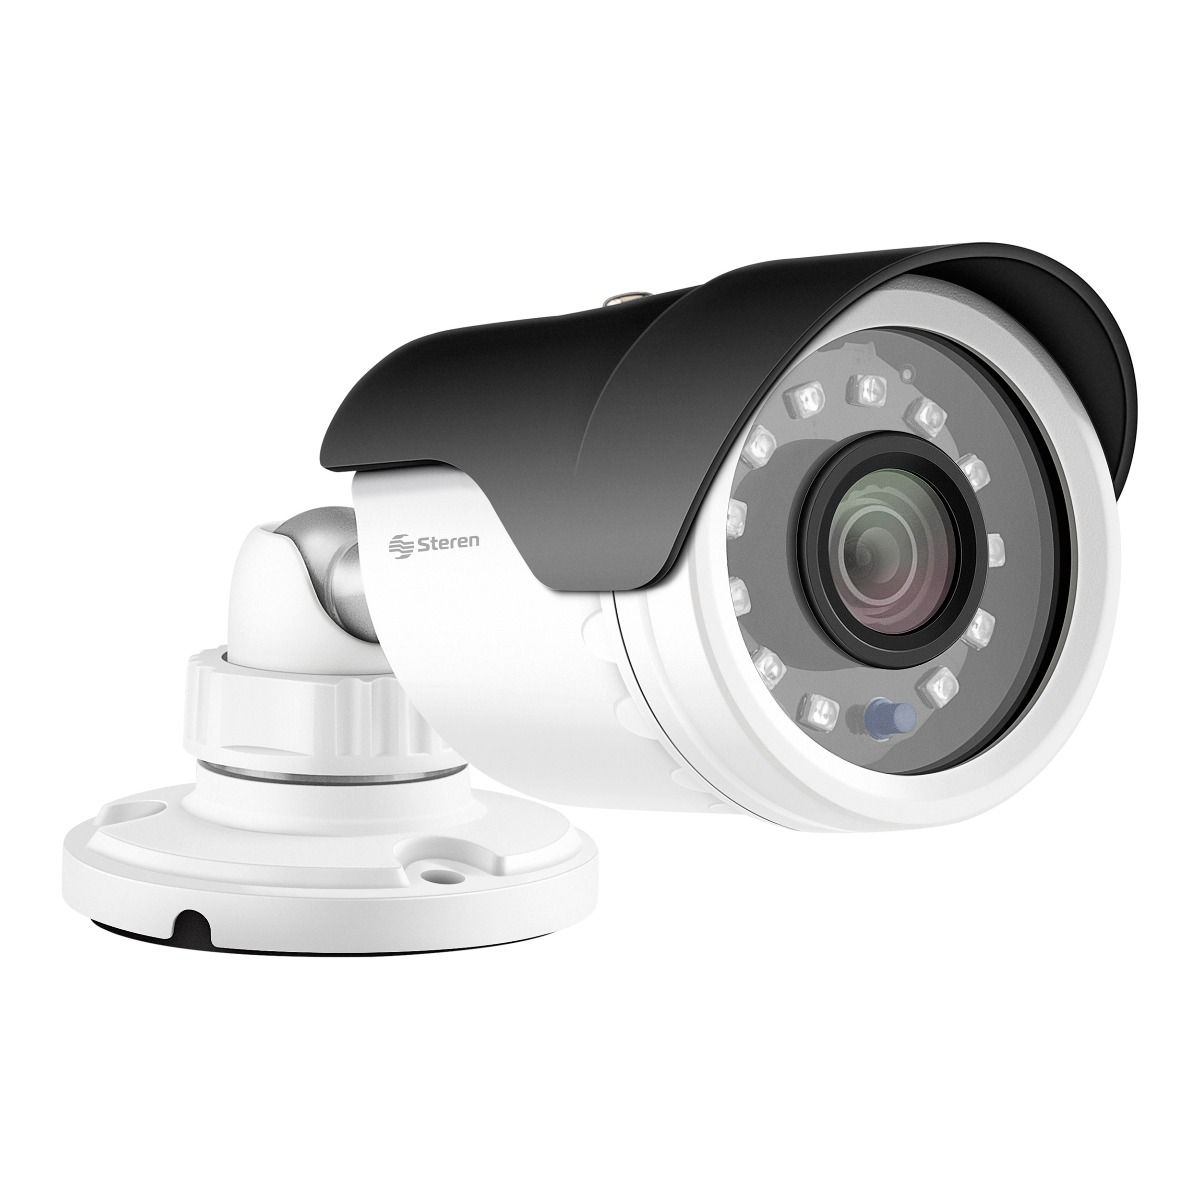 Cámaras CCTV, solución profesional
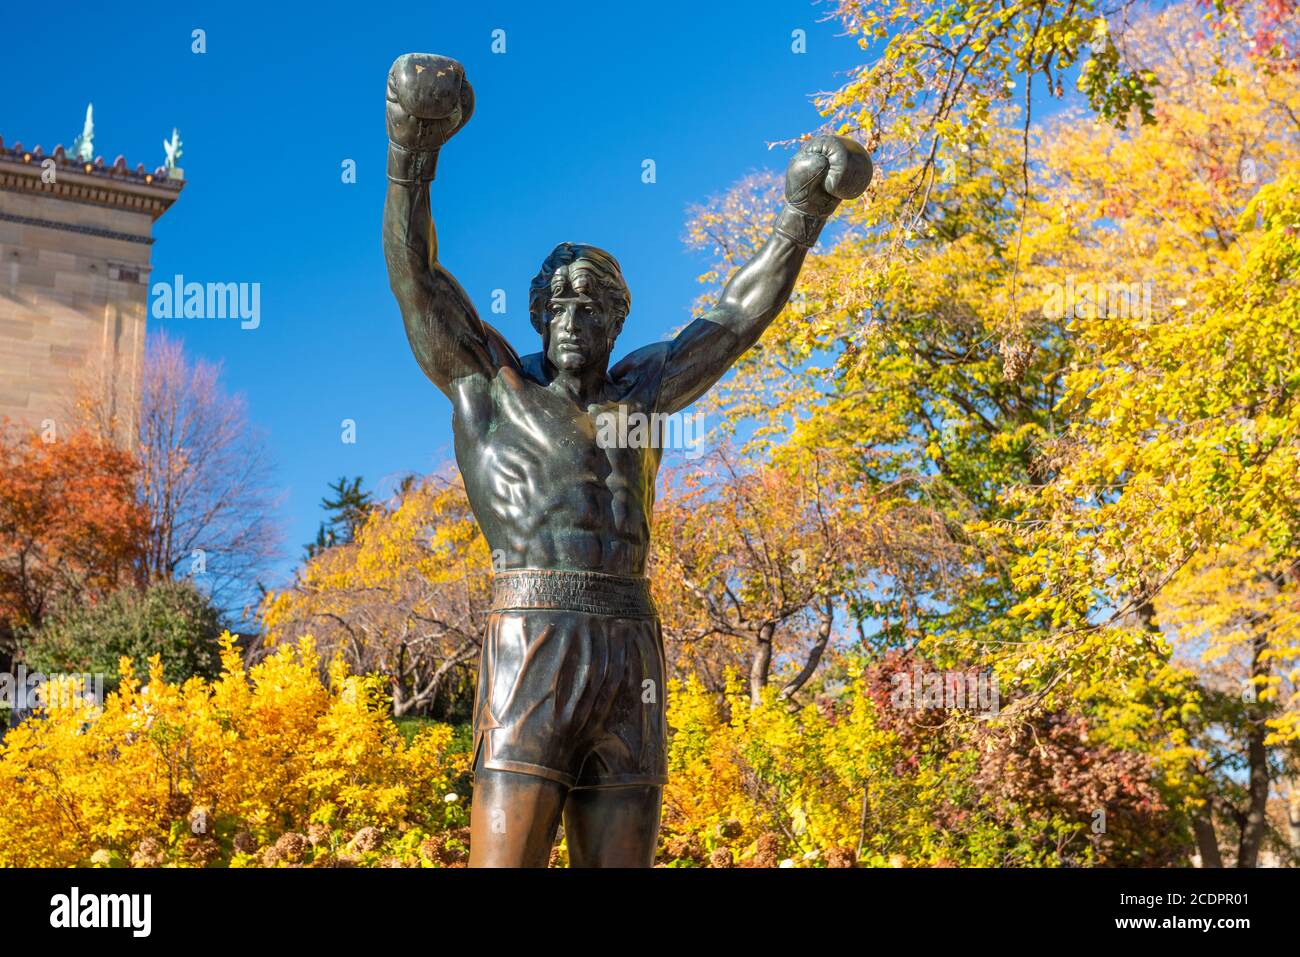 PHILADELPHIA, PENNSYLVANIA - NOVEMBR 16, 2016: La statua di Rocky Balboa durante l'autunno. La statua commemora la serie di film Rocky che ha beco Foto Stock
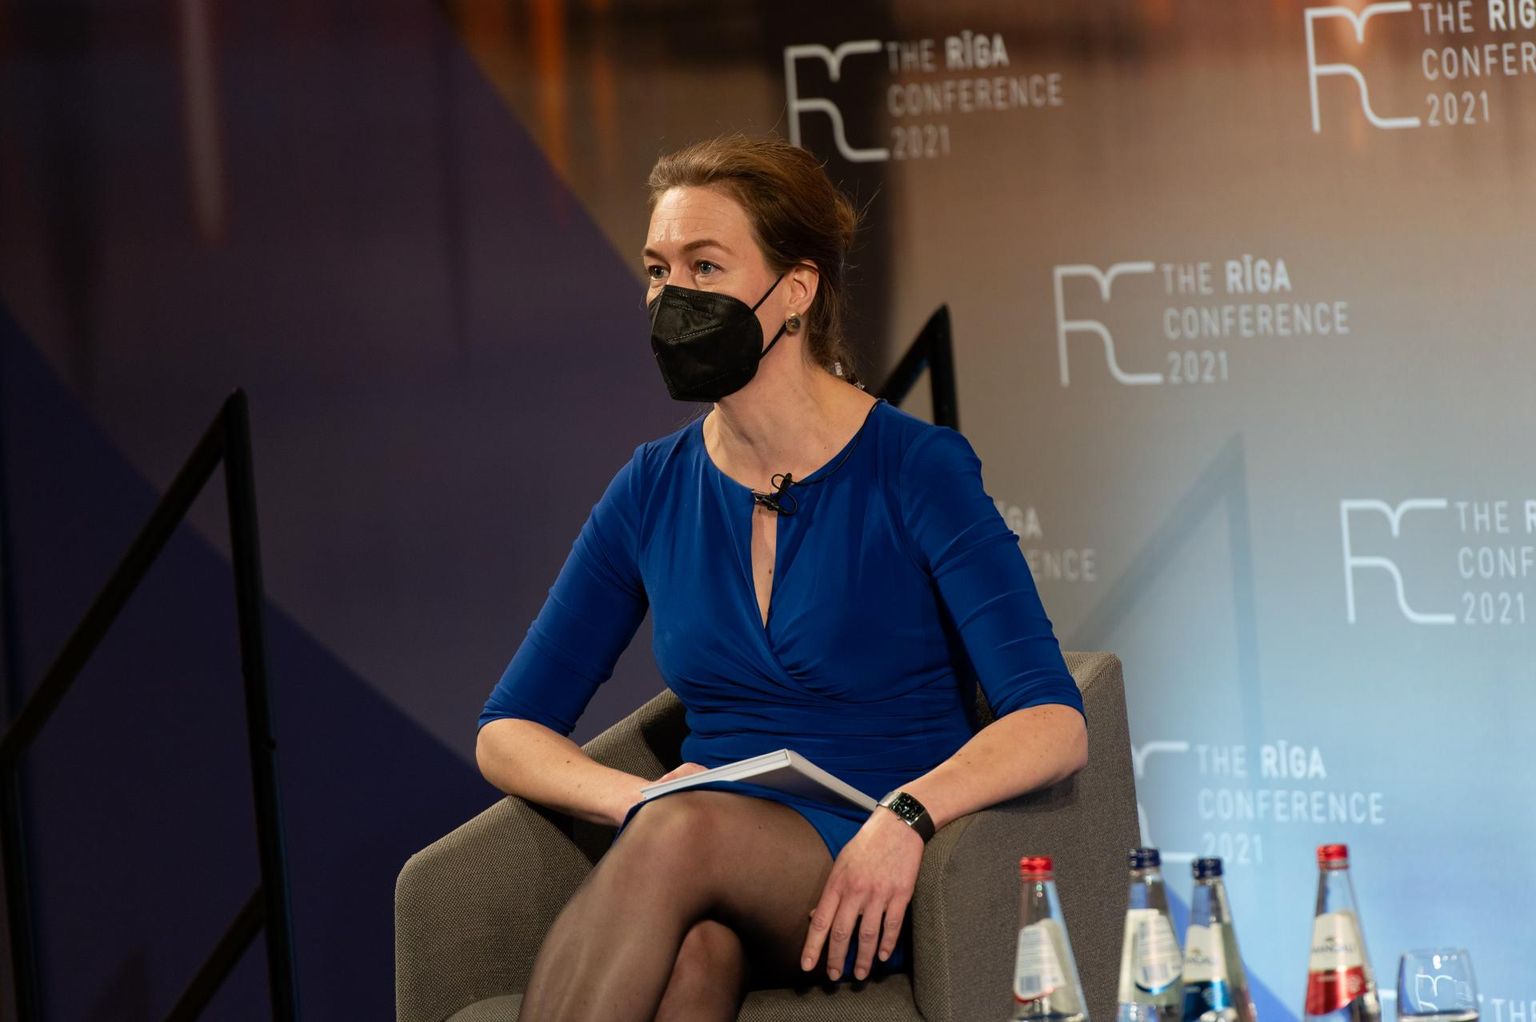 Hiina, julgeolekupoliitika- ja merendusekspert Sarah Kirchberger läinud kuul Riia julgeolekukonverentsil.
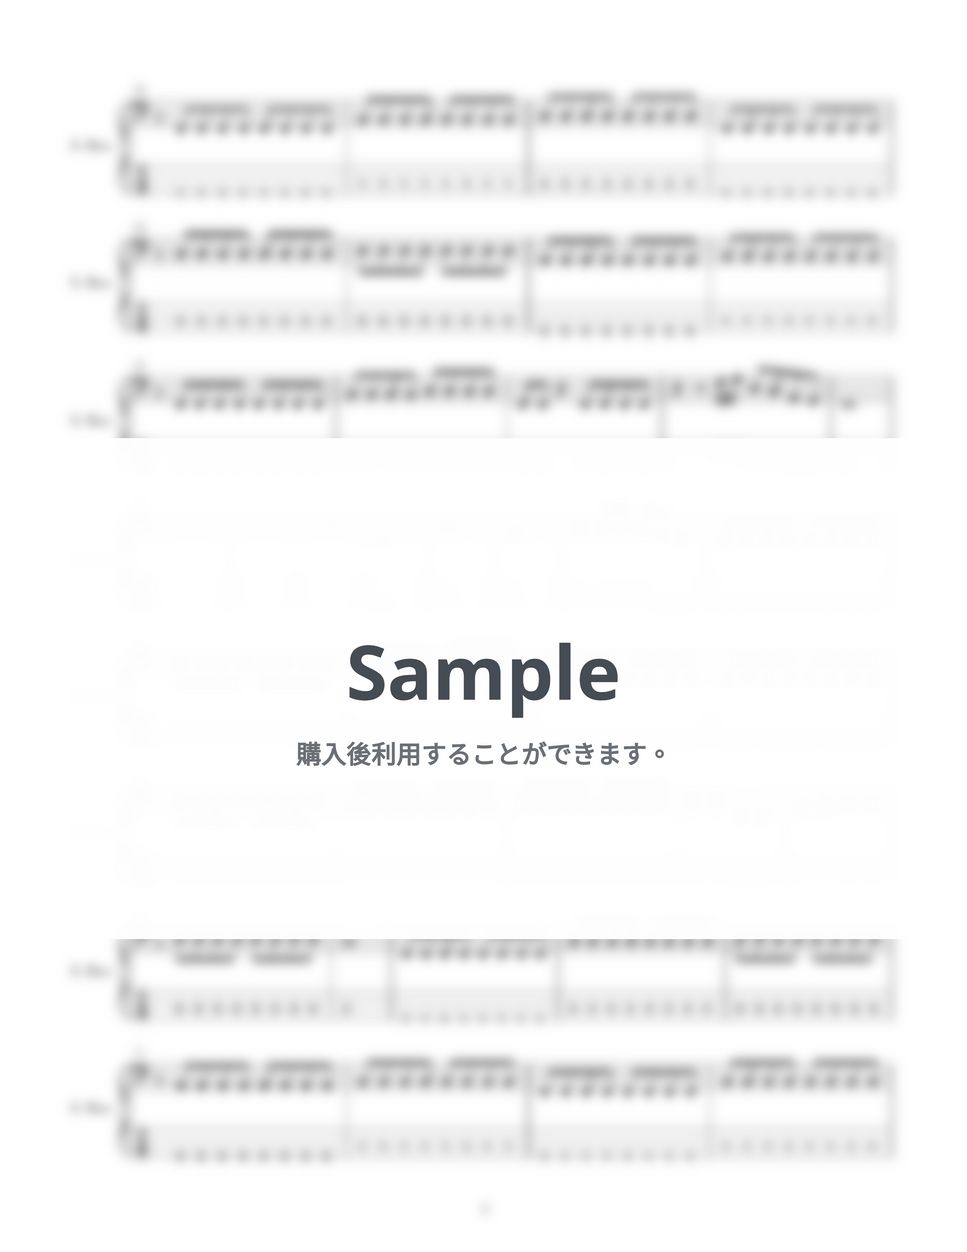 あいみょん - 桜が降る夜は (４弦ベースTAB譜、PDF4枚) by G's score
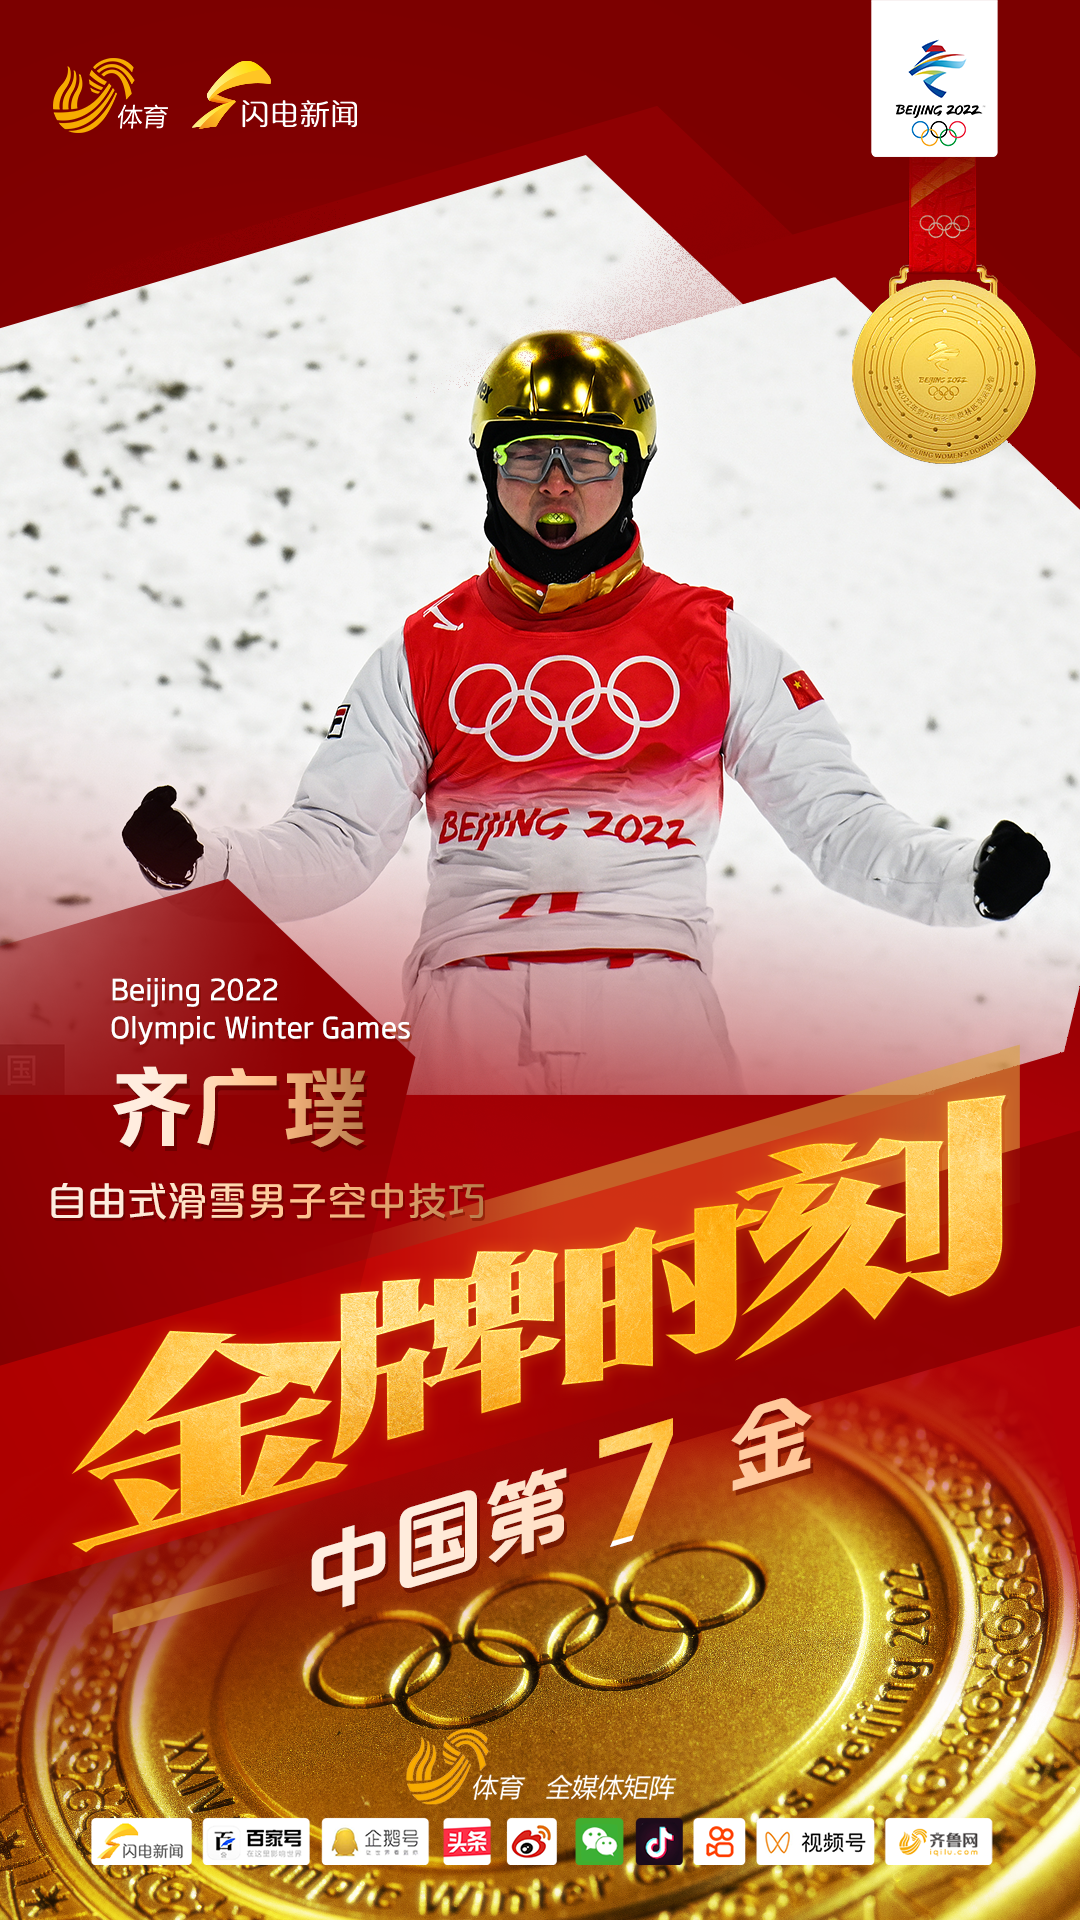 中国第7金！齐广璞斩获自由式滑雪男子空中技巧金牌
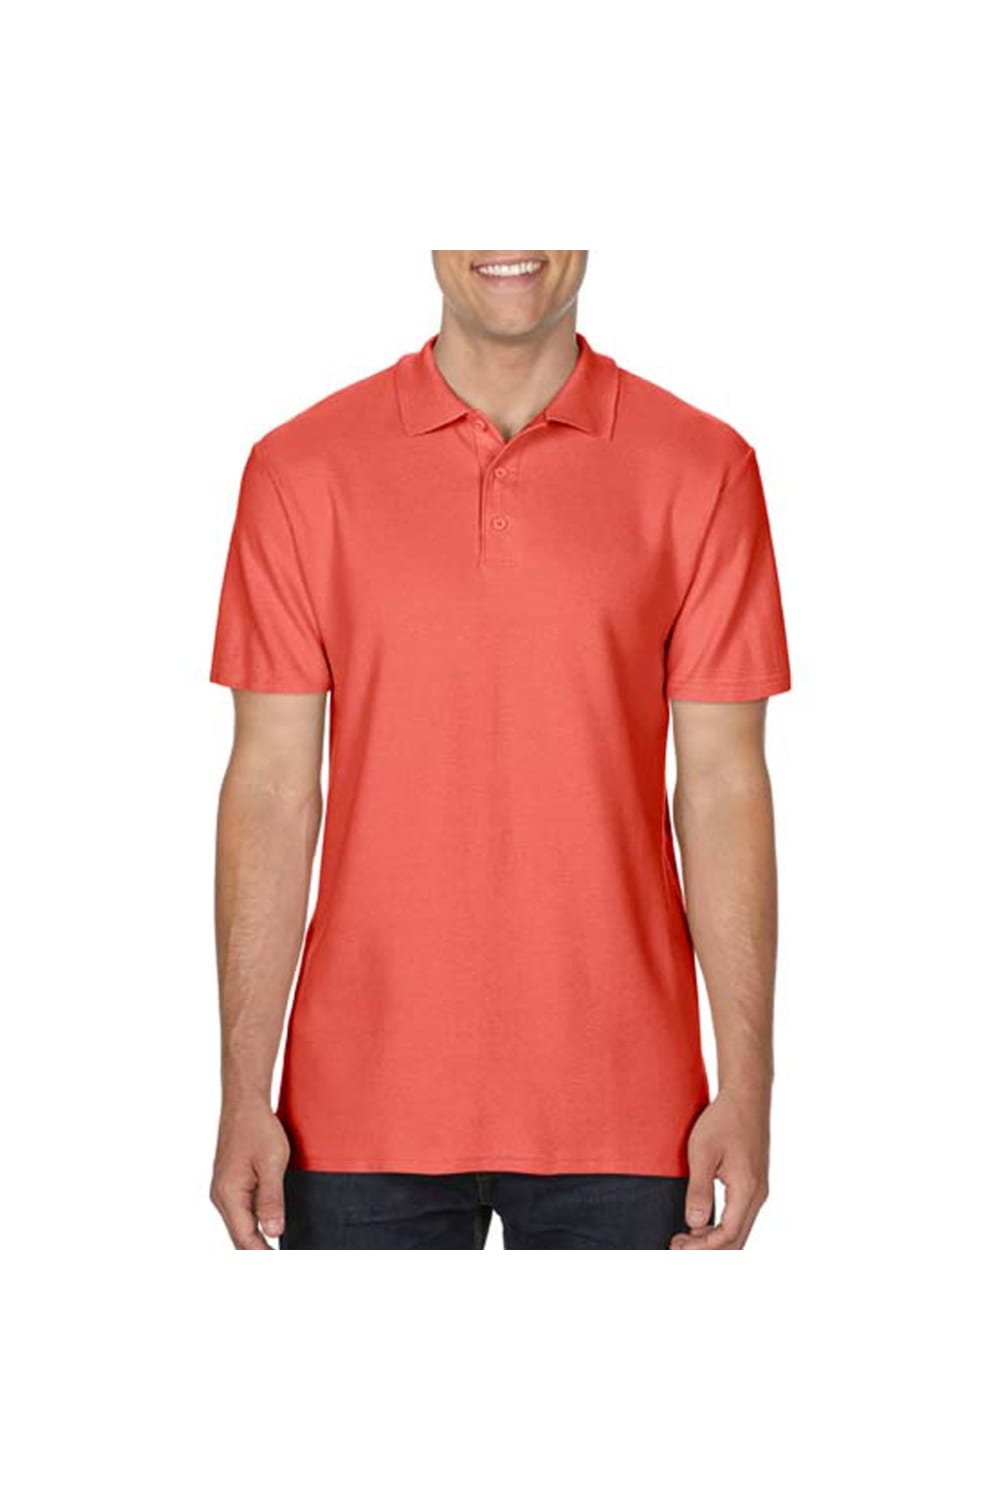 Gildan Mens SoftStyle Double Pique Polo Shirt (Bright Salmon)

» **Your instructions**
Set all of the records down once more, letter for letter, with the images removed.

» **Result**
 Cámaras CCTV, solución profesional
 PHILADELPHIA, PENNSYLVANIA - NOVEMBR 16, 2016: La statua di Rocky Balboa durante l'autunno. La statua commemora la serie di film Rocky che ha beco Foto Stock
 Hiina, julgeolekupoliitika- ja merendusekspert Sarah Kirchberger läinud kuul Riia julgeolekukonverentsil.
 あいみょん - 桜が降る夜は (４弦ベースTAB譜、PDF4枚) by G's score
 中国第7金！齐广璞斩获自由式滑雪男子空中技巧金牌
 Gildan Mens SoftStyle Double Pique Polo Shirt (Bright Salmon)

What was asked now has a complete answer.